Self administratation; anxiety; subcutaneous injection; biological therapy; simulation training

Outcome Measures

Primary Outcomes (3)

• Patient Information Form

  It was structured by the researcher in line with the literature and included demographic information such as "the individual's name, surname, age, gender, marital status, education level" as well as "medical diagnosis, the name of the subcutaneous medication used and whether he/she has received any simulation-based training before and his phone number." It consisted of 11 questions including ".

  Before training

• Determination of state anxiety level/pretest application

  All individuals in both the experimental and control groups included in the sample were asked to fill out the State Anxiety Scale to evaluate their anxiety levels before the subcutaneous biological drug administration training.

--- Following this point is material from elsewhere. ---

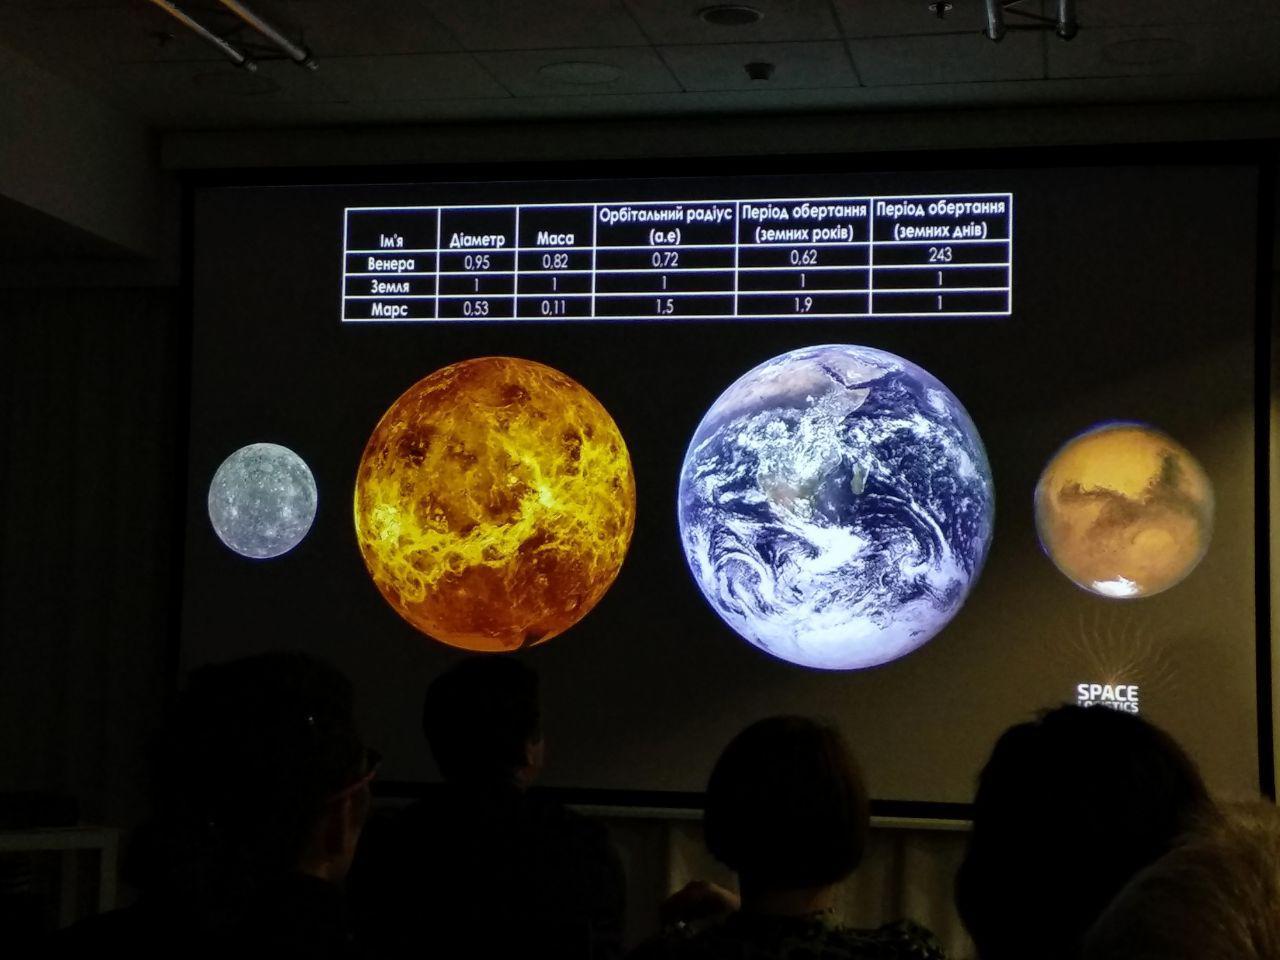 Забудьте о Марсе, украинцы готовы покорять Венеру

  Before training and 2. week before first self administration of subcutaneous injection by the patient

• Subcutaneous Biological Drug Self-Administration Skill Checklist

  Checklist consisting of 20 application steps to evaluate the skill level of Subcutaneous Biological Drug Self-Administration

  1. week post training; 2. week post training

Secondary Outcomes (3)

• Subcutaneous Biological Drug Knowledge Test

  1. week post training

• Patient Education Evaluation Survey

  1. week post training

• Trait anxiety scale

  1. week post training

Study Arms (2)

Experimental

EXPERIMENTAL

Subcutaneous biological drug self-administration training was given by the researcher in two stages, theoretical and practical, face to face. Power point presentation and training brochure were used in theoretical training. The practical training given after the theoretical training was given using the Hybrid simulation method. The Wearable Subcutaneous Injection Hybrid Simulator developed by the researcher was worn by the individuals after being informed about its purpose and function. A medicine pen similar to their own medicine pens (demo pen without medicine), dry cotton, alcohol swab (similar to the ones that come in medicine pen boxes), and a small notepad and pen were left in a clean medicine tray on a clean table. Afterwards, they were expected to apply the subcutaneous application step by step as explained to them. Each application step they made incorrectly was corrected and repeated with the support of the researcher.The training took approximately 40 minutes.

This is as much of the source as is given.